------ Given information

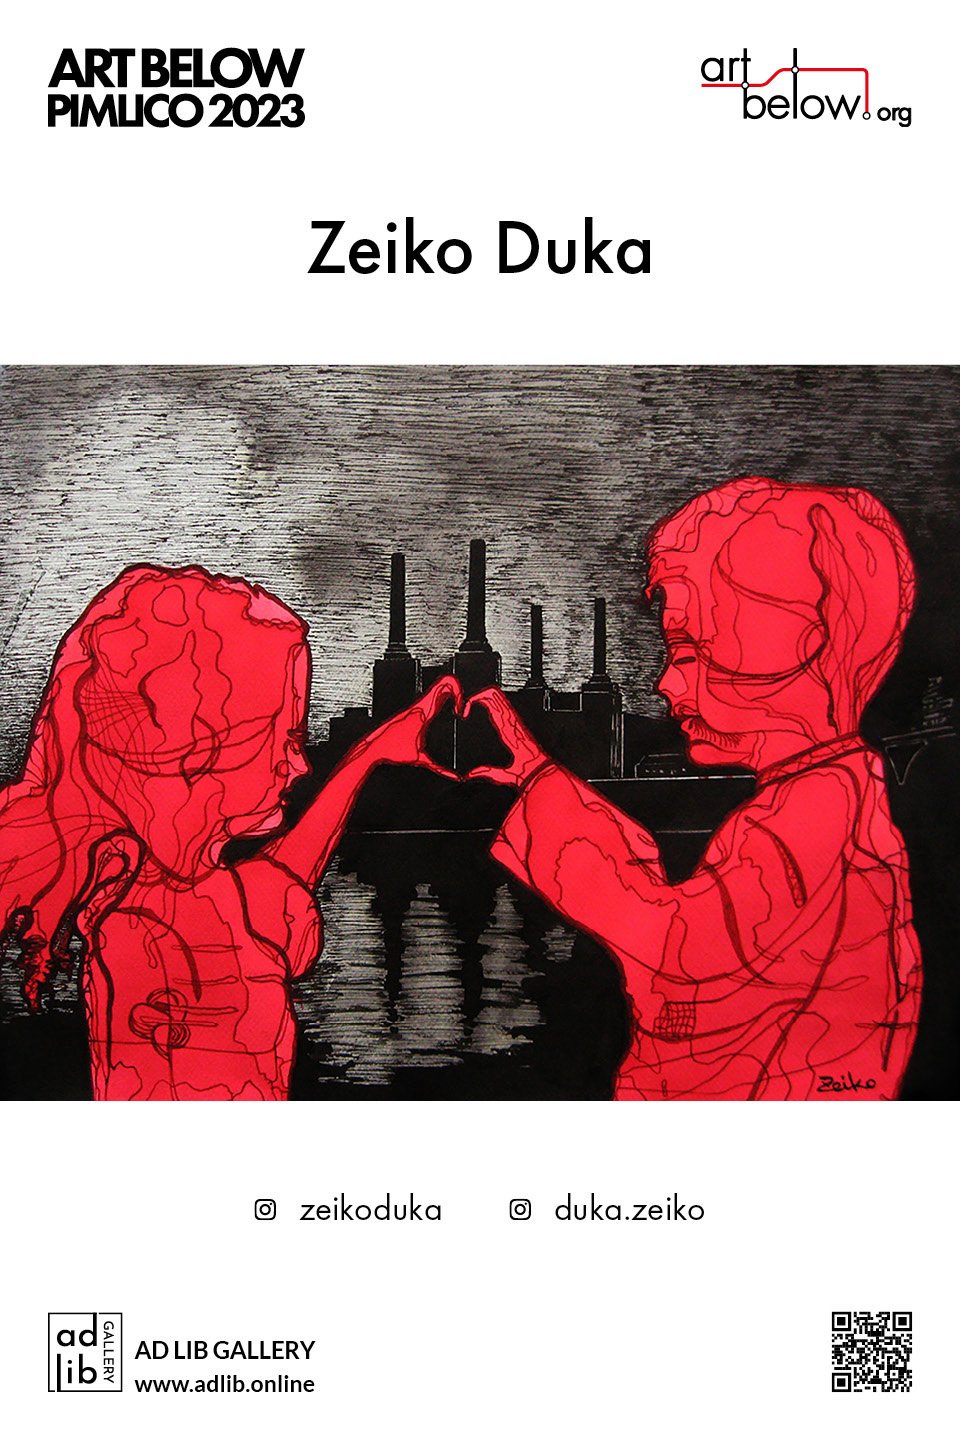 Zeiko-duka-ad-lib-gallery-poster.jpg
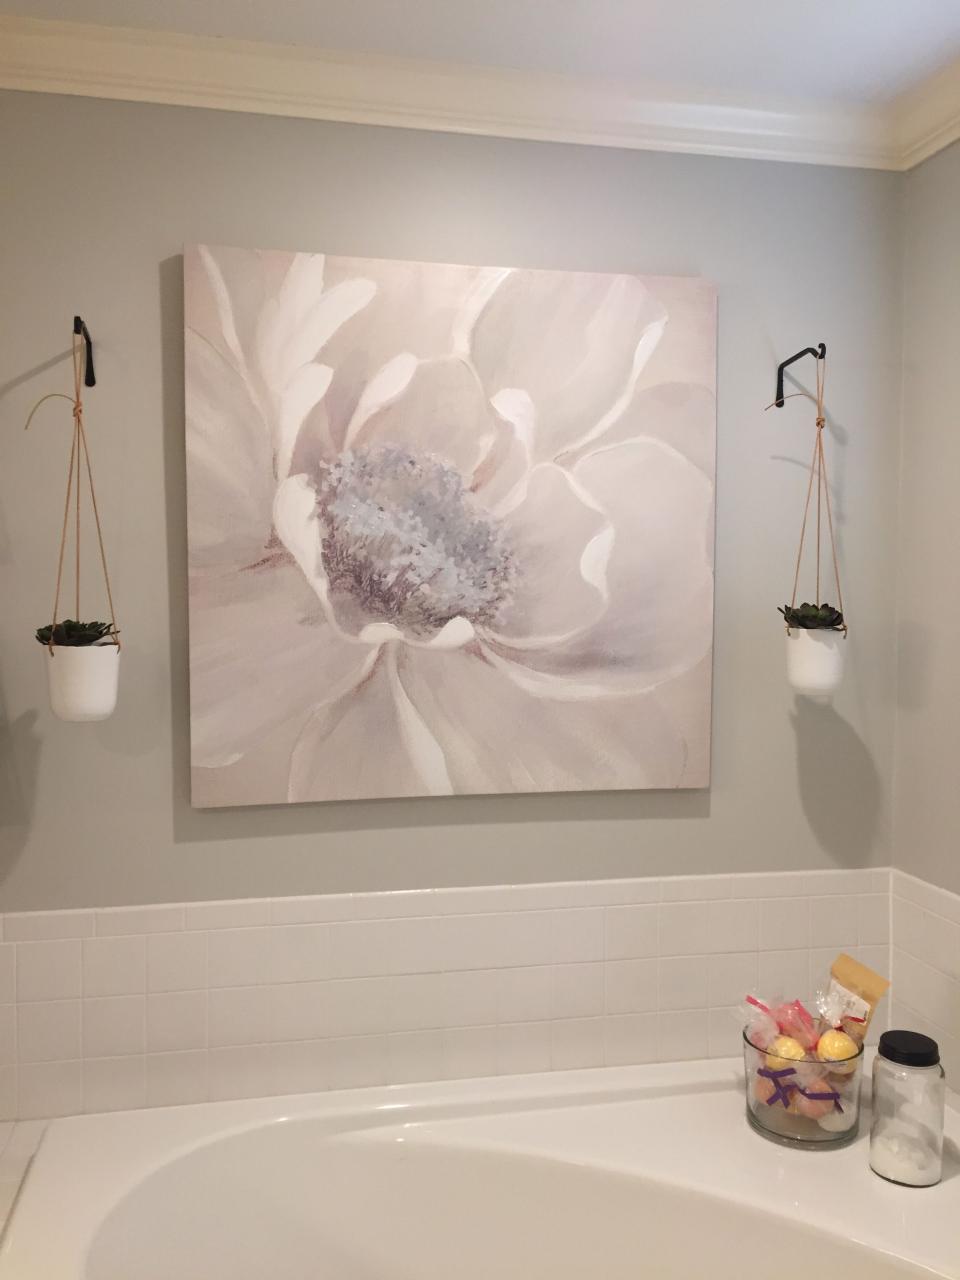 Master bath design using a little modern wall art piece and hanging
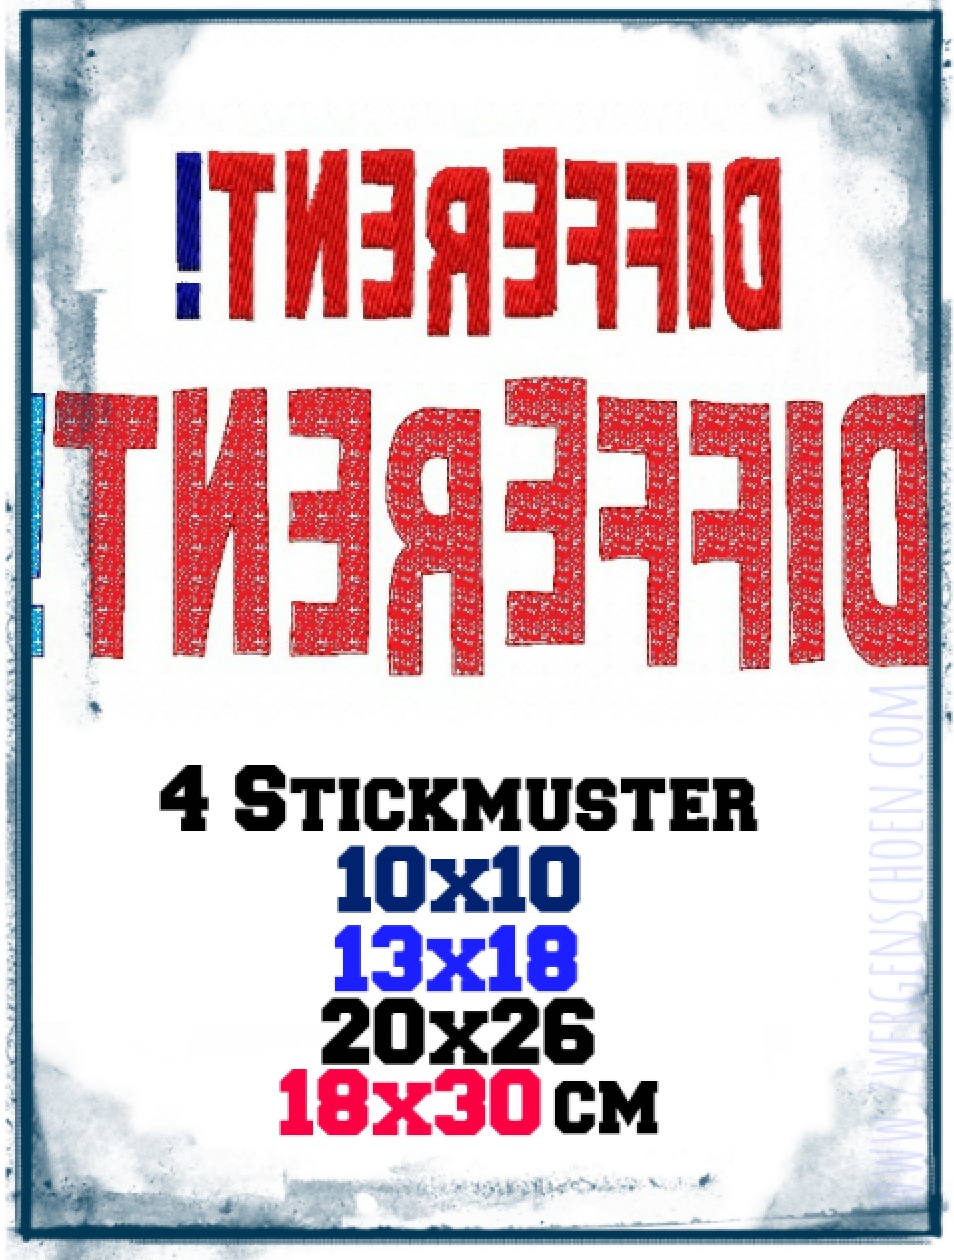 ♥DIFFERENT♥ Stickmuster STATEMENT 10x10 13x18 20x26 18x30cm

------------

Problem
The data above must be written out again without alteration, and the pictures in them must be excluded.

Solution
 Zeiko-duka-ad-lib-gallery-poster.jpg
 Master bath design using a little modern wall art piece and hanging
 ♥DIFFERENT♥ Stickmuster STATEMENT 10x10 13x18 20x26 18x30cm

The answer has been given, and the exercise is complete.